The first question a petitioner in EB1-A has is whether the prize they have received is categorized as a major internationally recognized prize, a lesser nationally or internationally recognized prizes or neither. As the law states, to be qualified as an EB1-A extraordinary worker, a petitioner must submit evidence of receiving a major internationally recognized prize or submit at least three types of evidence listed in the law. A lesser nationally or internationally recognized prize is one of the 11 types on the list.

What is a Major Internationally Recognized Prize

The legislative history indicates what is contemplated by 8 C.F.R. § 204.5(h)(3). A.R. 3, S.E.R. 5 is a “major, international“ prize. In interpreting what constituted a major, internationally recognized award, the House Report, specifically cited to the Nobel Prize as an example of a one-time achievement. The AAO (Administrative Appeal Office) opines that other examples of one-time awards which enjoy truly international recognition may include the Pulitzer Prize, the Academy Award, and the Olympic Gold Medal.
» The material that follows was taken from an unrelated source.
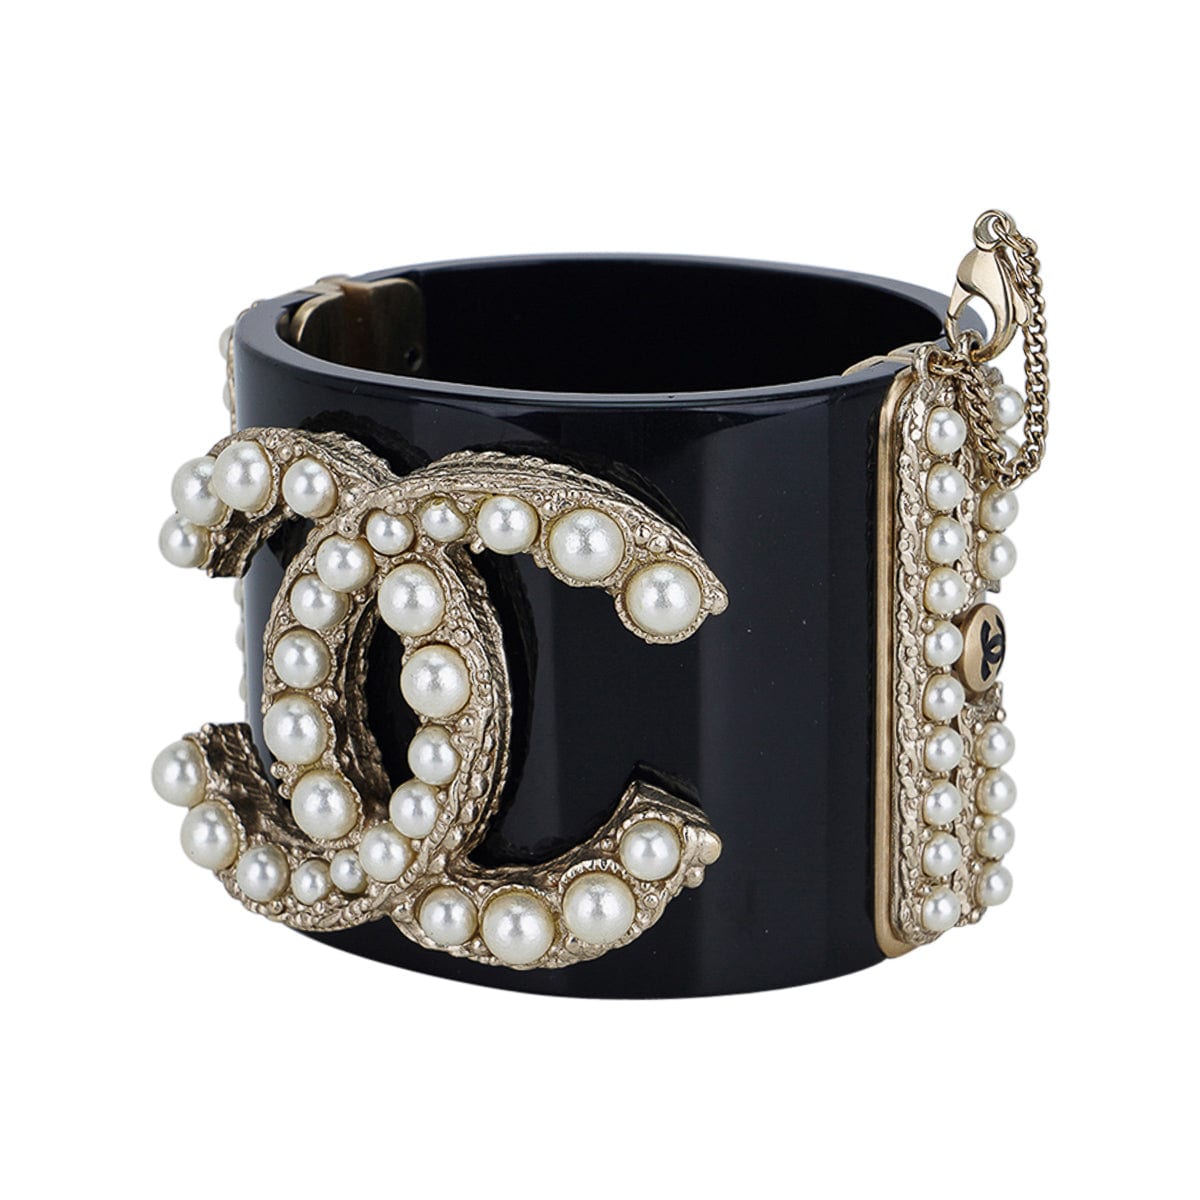 Chanel Chain Link No. 5 Clover CC Bracelet

The AAO concluded that these prizes were “household names recognized immediately even among the general public as being the highest possible honors in the respective fields. “

In addition, the burden of proof is on the petitioner to submit supporting evidence showing that certain prize is an event that garnered major, international recognition. Moreover, the type of prize received must command immediate international recognition comparable to the major awards intended by implementation of the regulation. The petitioner has to produce “extensive documentation “ to support the statement that the prize is a major internationally recognized prize.

What is a Less Nationally or Internationally Recognized Prize

Although a less nationally or internationally recognized prize is a lower standard than a major internationally recognized prize, the petitioner still has the burden to submit substantial evidence proving the prize is a nationally or internationally recognized one.

With regard to the receipt of lesser nationally or internationally recognized prizes or awards, evidence should be submitted regarding the number of person nominated, a description of the prize or award and whether it is a team work or an individual performance. USCIS has made the following rulings concerning this evidence requirement:

  1. Academic scholarships or grants do not suffice.
    The Administrative Appeals Office (AAO) has taken the position that academic scholarships and grants are not uncommon and do not constitute significant prizes or awards for purposes of satisfying the regulatory criteria. The AAO noted that unlike awards or prizes that recognize demonstrated past achievements, grants are often bestowed in response to applications by prospective recipients who describe an endeavor that they seek to undertake. In addition, the AAO said, grants generally support future activity rather than recognize previous achievement.
  2. Being Listed on Who's Who is not a Prize:
    The AAO has also rejected evidence indicating that a petitioner was listed in Marquis Who's Who in America noting that: (1) recognition can come from a national organization and still not be highly significant, and (2) simply having one's biographical sketch included in a publication does not constitute receipt of a prize or award.
  3. Evidence should be Submitted Regarding How Many Individuals were Nominated for an Award or Prize and the Criteria for Eligibility.
    It must be established that the particular award that the organization issues is nationally recognized such that it was indicative of national acclaim. USCIS will not be able to make this determination if the supporting documentation does not mention the selection criteria for the award or the pool of candidates from which the awardees were selected. If the award was only open to an organization's researchers, for example, it might not qualify because the petitioner had only competed against an organization pool of experts.
  4. Team award is less valuable than individual award.
    The applicant's performance in award-winning programs will be given less weight than an award presented specifically to individual performers. The AAO reasons that when a play or program wins an award, it is generally a reflection on the talents of the director, producer, writer, and many other individuals integral to the production of each show. On the other hand, while an award conferred upon a large symphony might not reflect the national or international acclaim of each member, a Grammy or equivalent award conferred upon all members of a small group (where each member receives a statue) is indicative of each member's recognition in the field.
  5. Local awards do not suffice.
    Little or no weight will be given to awards or certificates for local, rather than national or international, recognition. Evidence must be submitted on the extent to which an award or prize is recognized. An award might not be characterized as “internationally recognized “ merely because nationals of more than one country compete for the award.

To sum up, major internationally recognized prizes are few based on the legislative history and AAO opinions. In most petitions, the applicants need to prove that he/she has obtained at least three types of evidence listed in the law. And even if the standard of a less nationally or internationally recognized prize is lower than the major internationally recognized prize, the petitioner should pay attention to AAO opinions concerning certain forms of awards or prizes not qualified.